* **Assignment**
With the pictures set aside, write out all of the data exactly as it stands.

* **Recorded information**
Segment Open

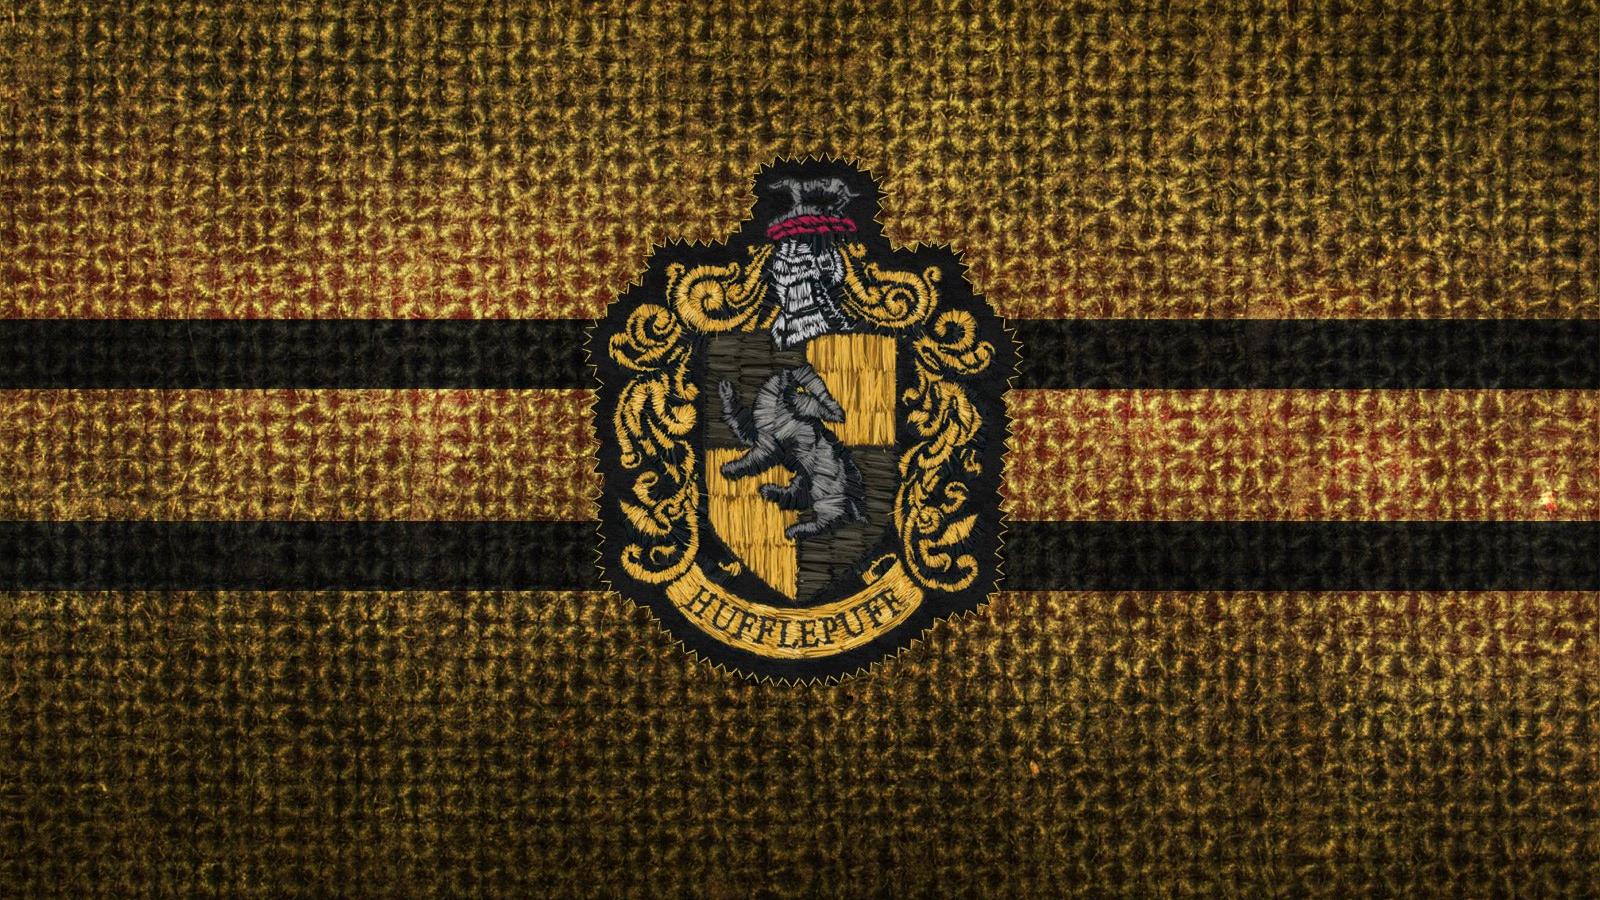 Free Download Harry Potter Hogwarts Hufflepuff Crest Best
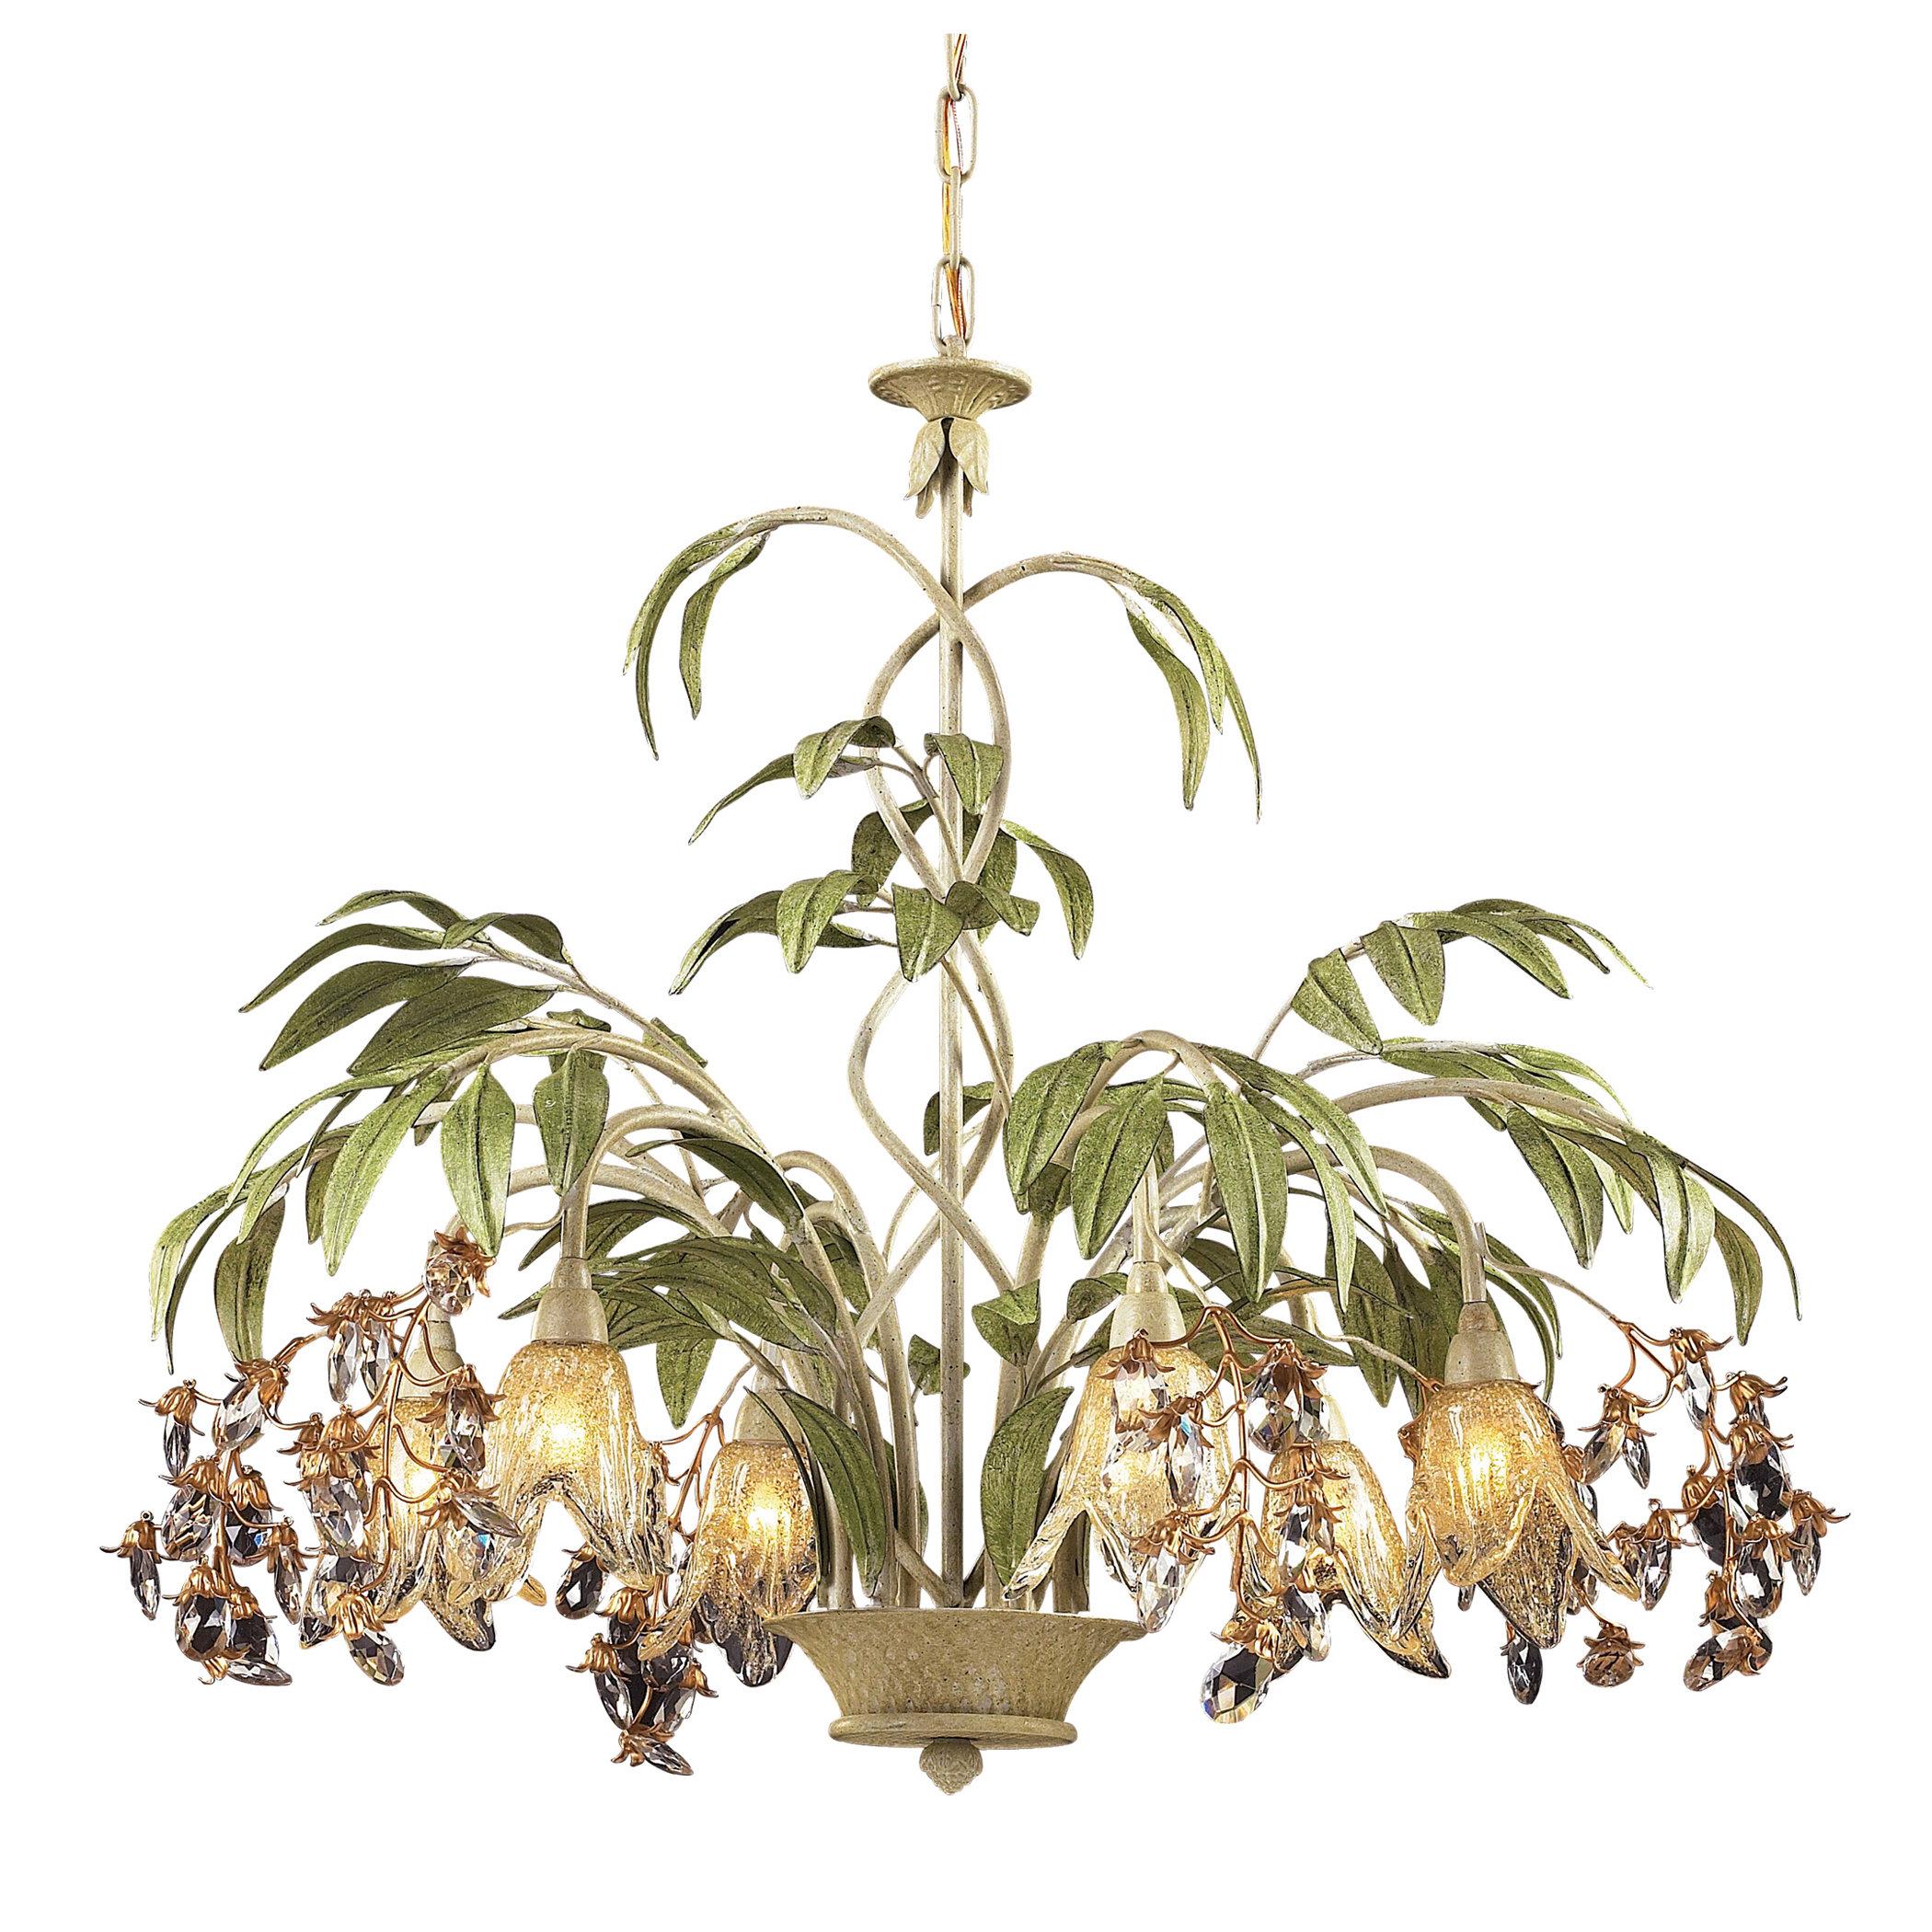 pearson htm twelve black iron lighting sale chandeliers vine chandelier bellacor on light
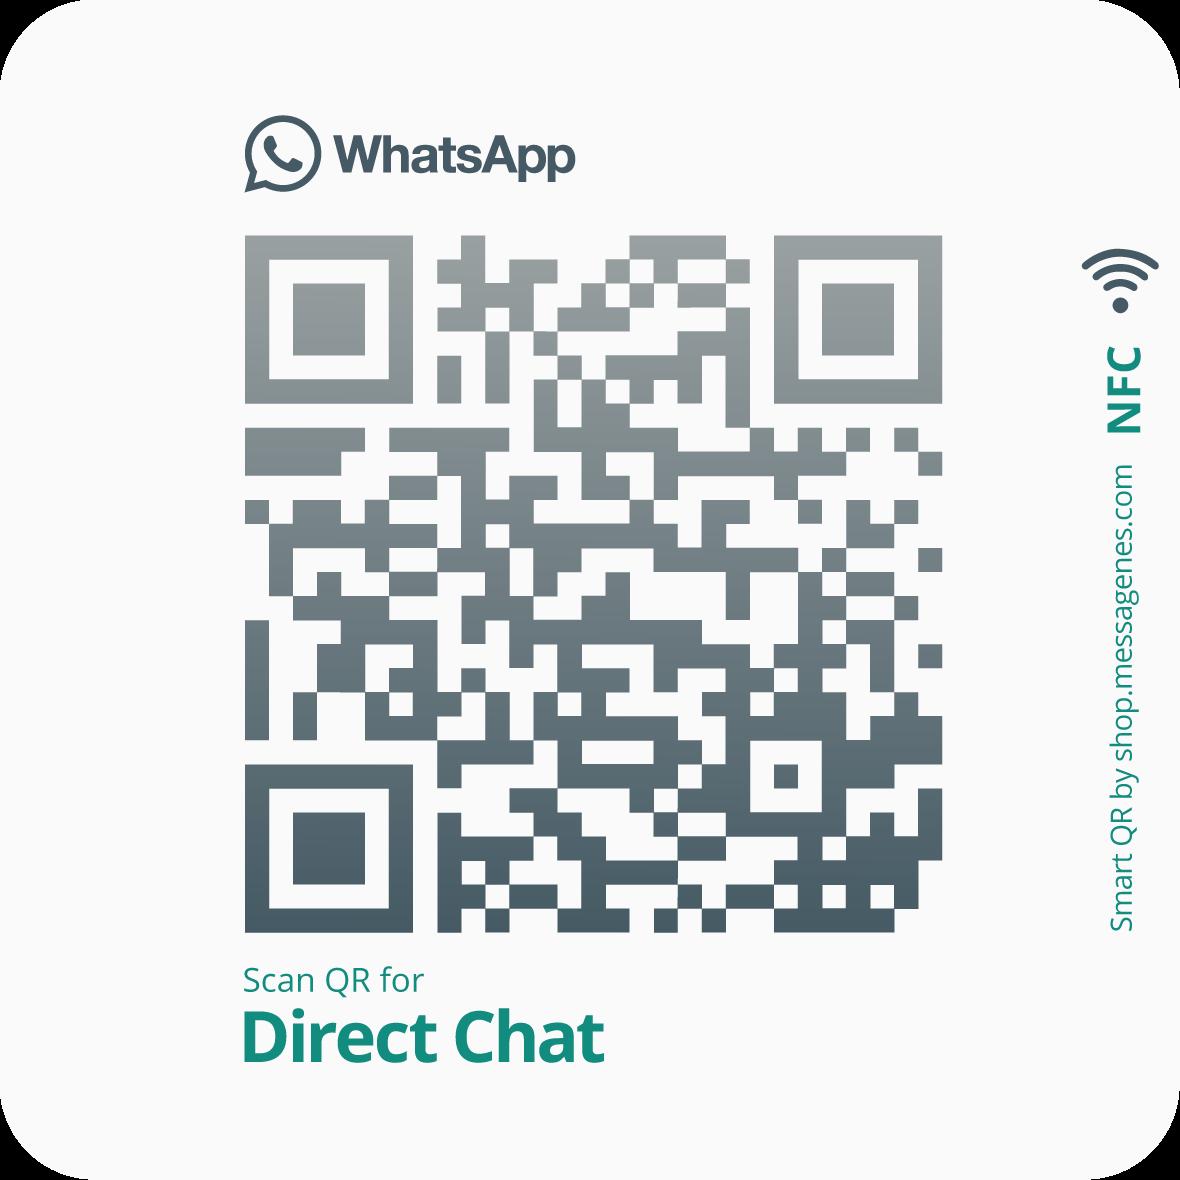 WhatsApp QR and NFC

Segment Closed

* **Finished exercise**
 Free Download Harry Potter Hogwarts Hufflepuff Crest Best
 pearson htm twelve black iron lighting sale chandeliers vine chandelier bellacor on light
 WhatsApp QR and NFC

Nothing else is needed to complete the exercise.